0 thoughts on “What I’m Reading — Beowulf”

  1. It is a book I had wanted to read for some time. I regret to say that my facination with the subject was a result of seeing a mediocre film called the 13th warrior back in ’99. There have since been more recent films on the subject as well as an upcoming film called “Beowulf” due out this year. I hope to read the book before the new movie comes out as I am sure to see it and movies seldom due the books justice.

    Happy reading.

  2. It was thank to Tolkien I discovered Beowulf, although I only got it in spanish, I need to read it in english, we’ll see if I get a grab on this translation sometime (There’s a translation by Tolkien, who was a philologist and had a deep love for ancient languages). I have a very “Scottish” friend who says Tolkien had to invent a Mythology for the English, since they only had King Arthur and Beowulf

  3. I recall we studied Beowulf in school and the format for the Anglo Saxon boast. We each had to write a contemporary boast.

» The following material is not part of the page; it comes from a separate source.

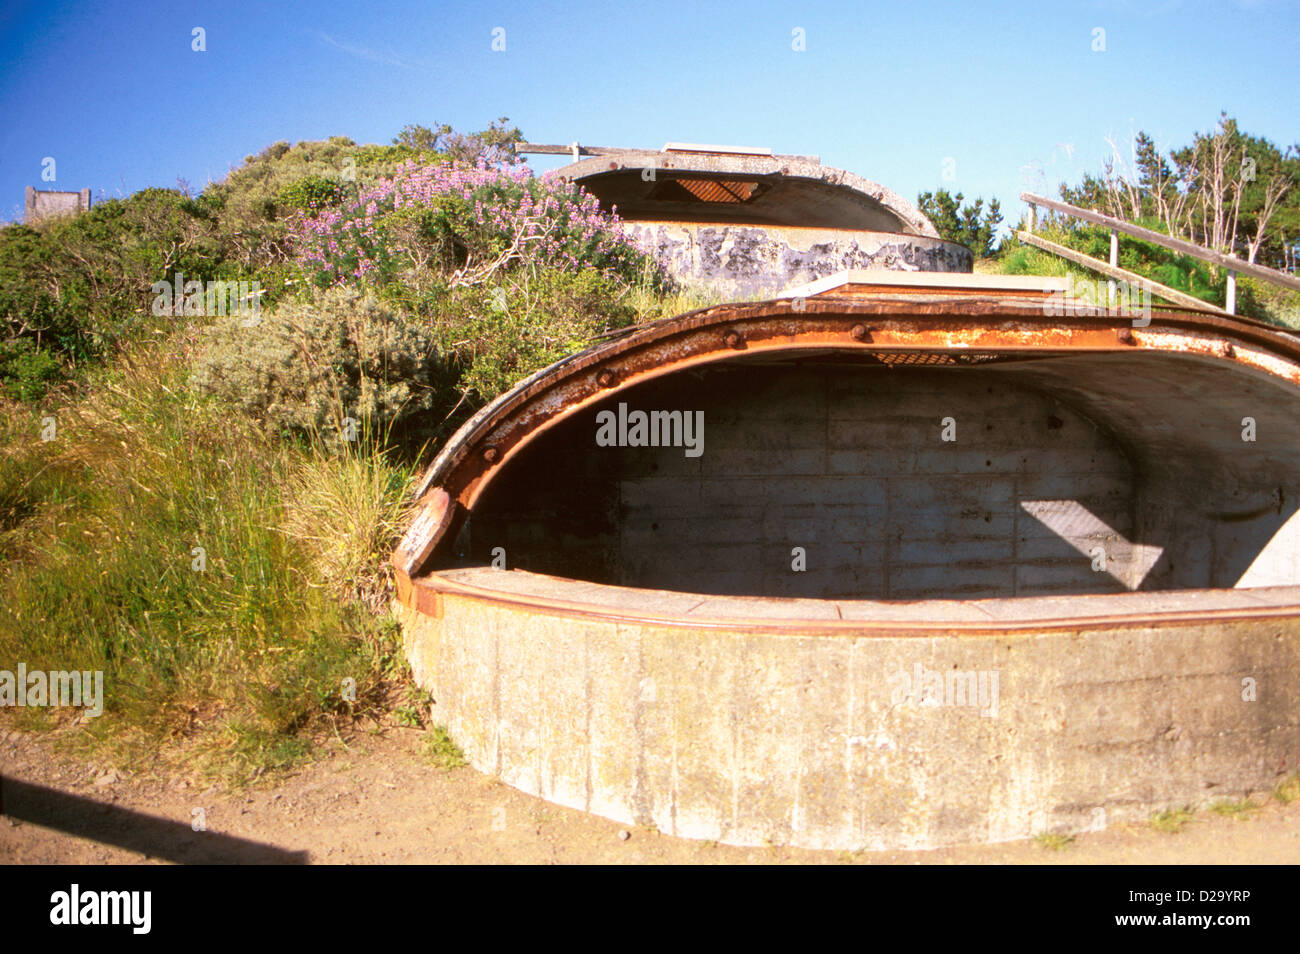 La Californie, San Francisco, Muir Beach. Les bunkers de la Seconde Guerre mondiale aux États-Unis Banque D'Images
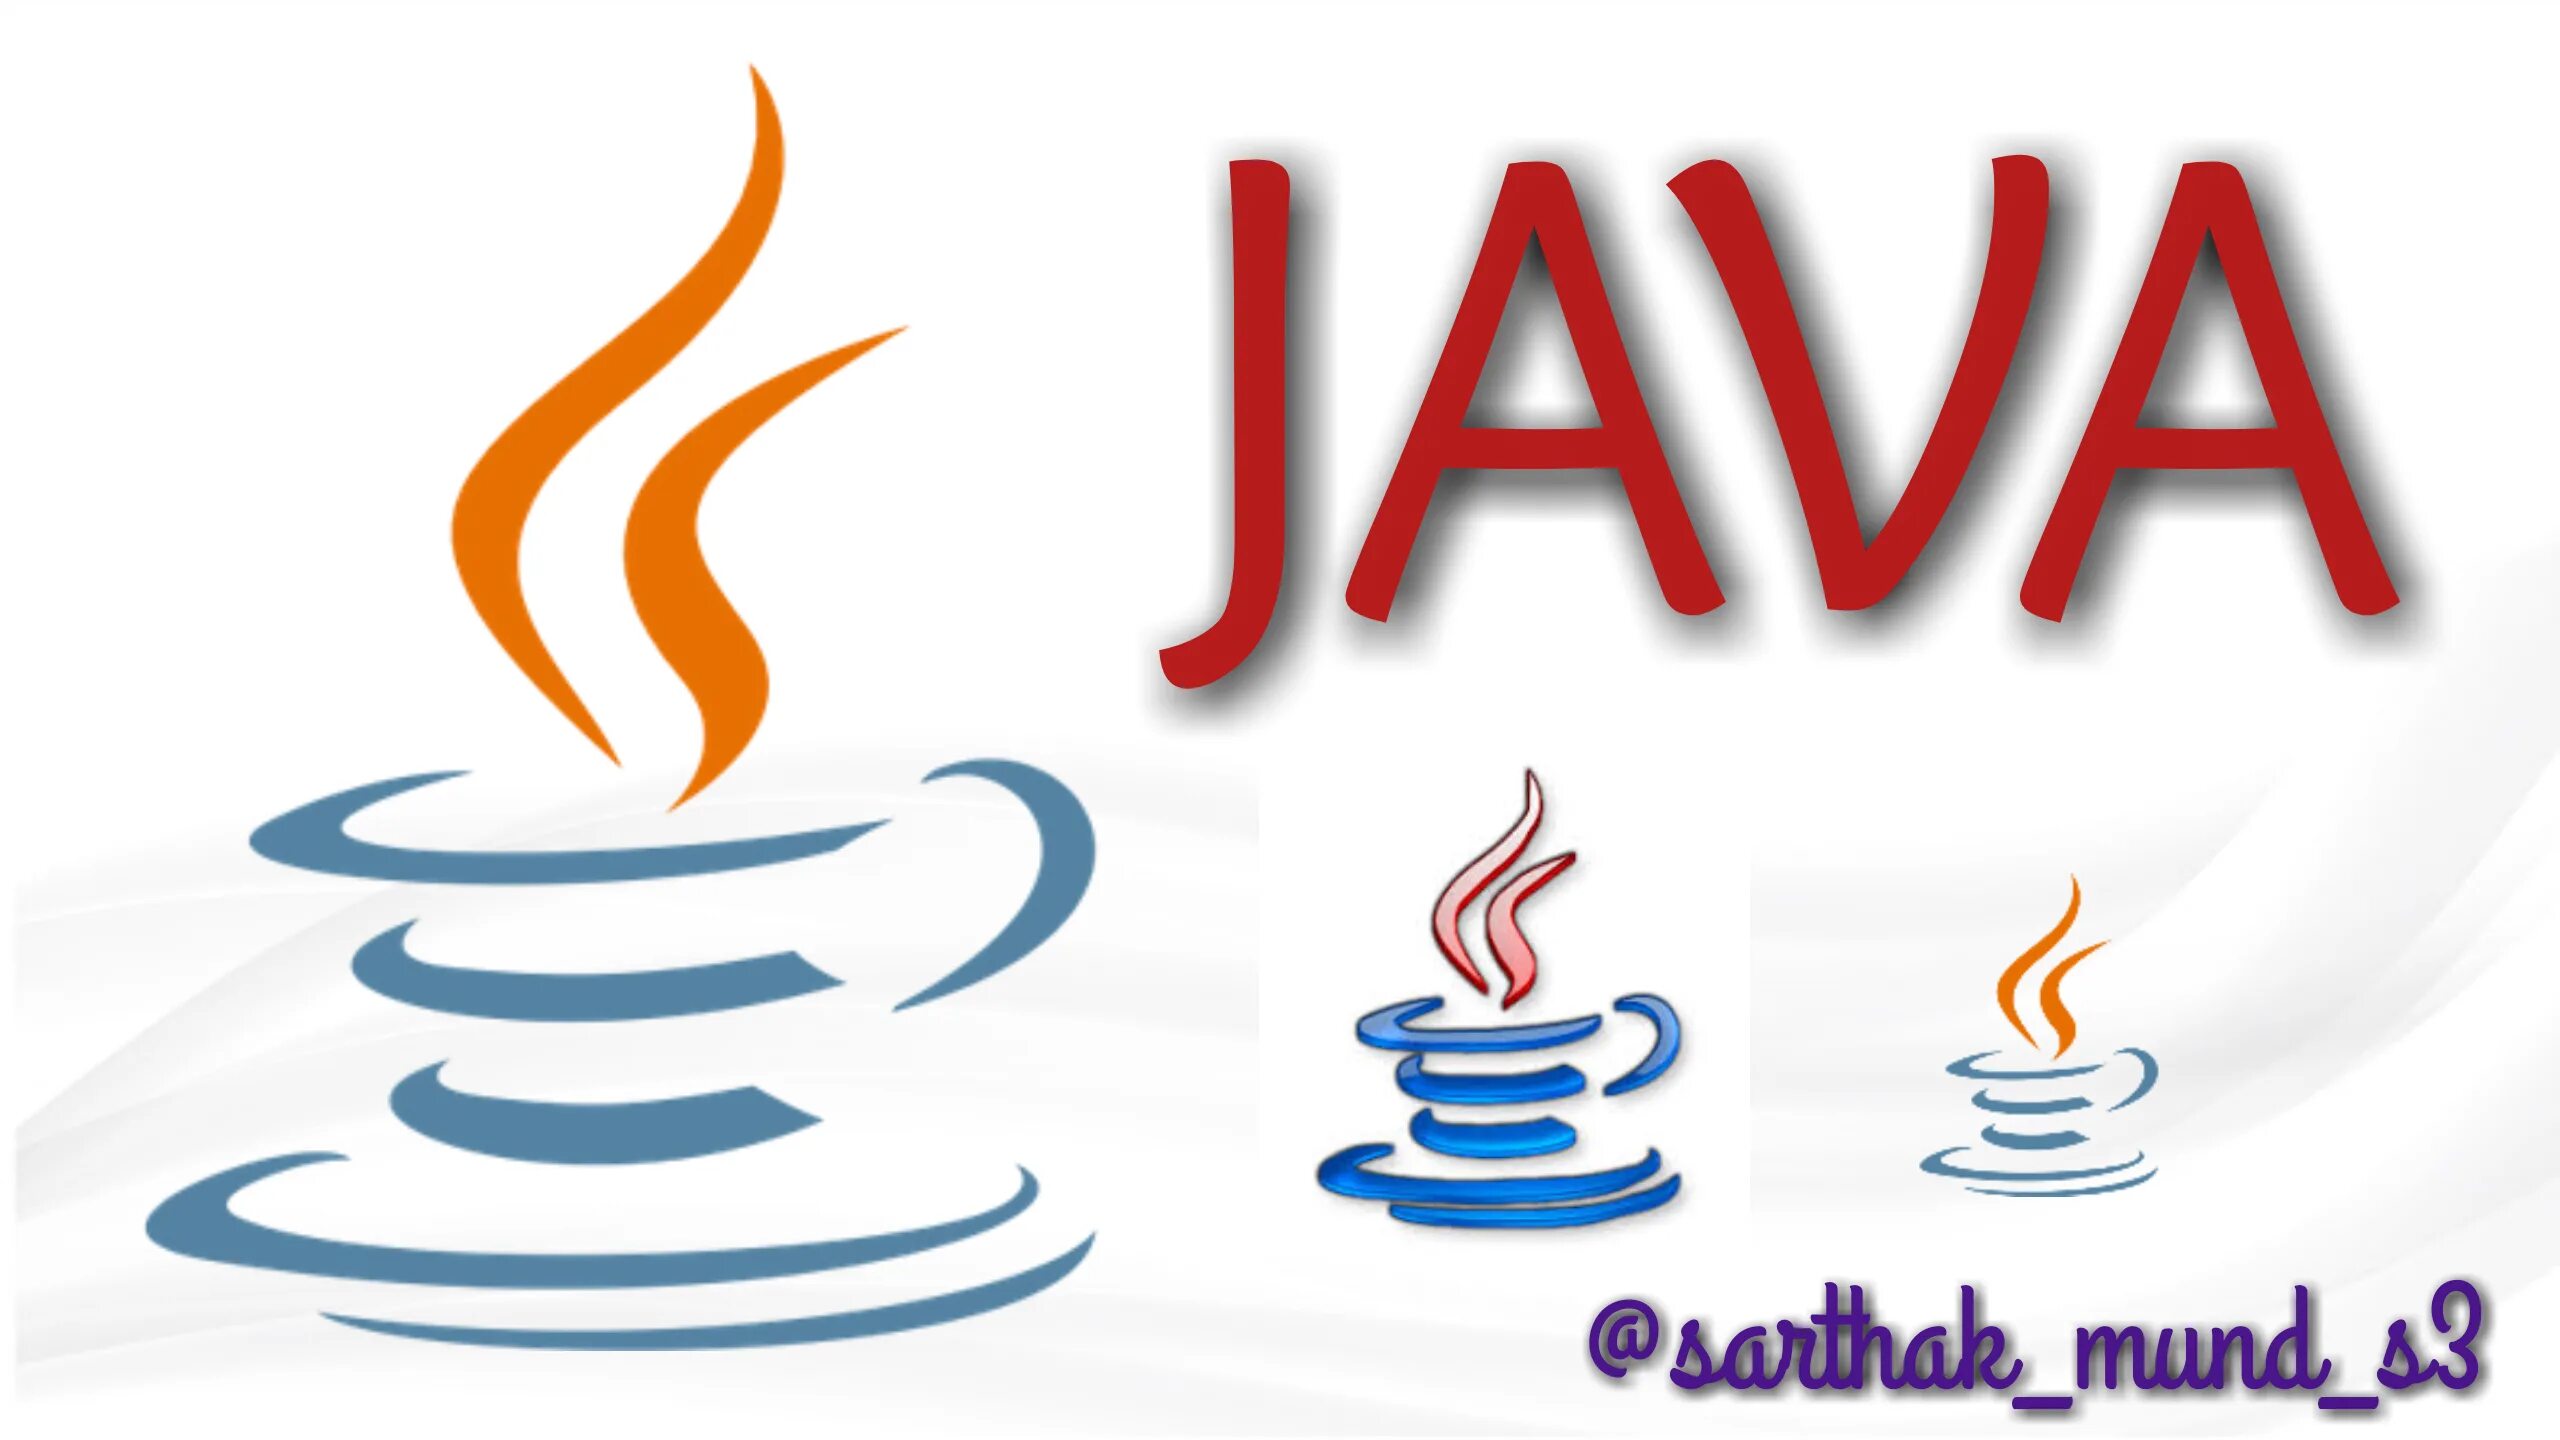 Java views. Java логотип. Значок java. Java первый логотип. Язык программирования java.

    Perhaps that might be a minor journalistic amusement if you were so inclined….

  4. Hmm. The boast…. yes, I will cite some examples. There are definitely some good Beowulf smackdowns delivered at the expense of the Danes.

  5. And all this time I thought it was the bad-ass Wikings who needed something to put even more fear in the eyes of Irish monks who kept the tale rolling along

    Beowulf — not to be confused with the Beo product line from DK company B&O, was written about the time of good blueberry eater, King Harold. Later claim to fame, besides ridding the Danish kingdom of Pagan badness, was a short-range technology he came up with in 974, called Bluetooth. King Harold, Bluetooth was his name, the unifier of all things Scandinavian and, if he were still around, he might even be able to get my Treo to sync with my X60.

    The Viking concept of domination was cool. Go, beat their asses with shallow bottom boats (David, your realm) up the river where they don’t expect it; nail some broads; bring some others home, especially red-headed Irish slaves; take some loot; go home to harvest the crops and hang out for the Winter. Come Summer, rinse, repeat.

    Better than this whole, plant my flag, this is now mine, I own it stuff

    As long as you’re not reading Finnigan’s Wake. I once took a class on 10 PAGES of that book. 4 months on 10 pages. I was stull freaking clueless…

  6. 10 pages? In the original whatever-you-call-it tongue?
    I can’t believe Heaney translated it. Then again, he has a Nobel in Literature and I do not.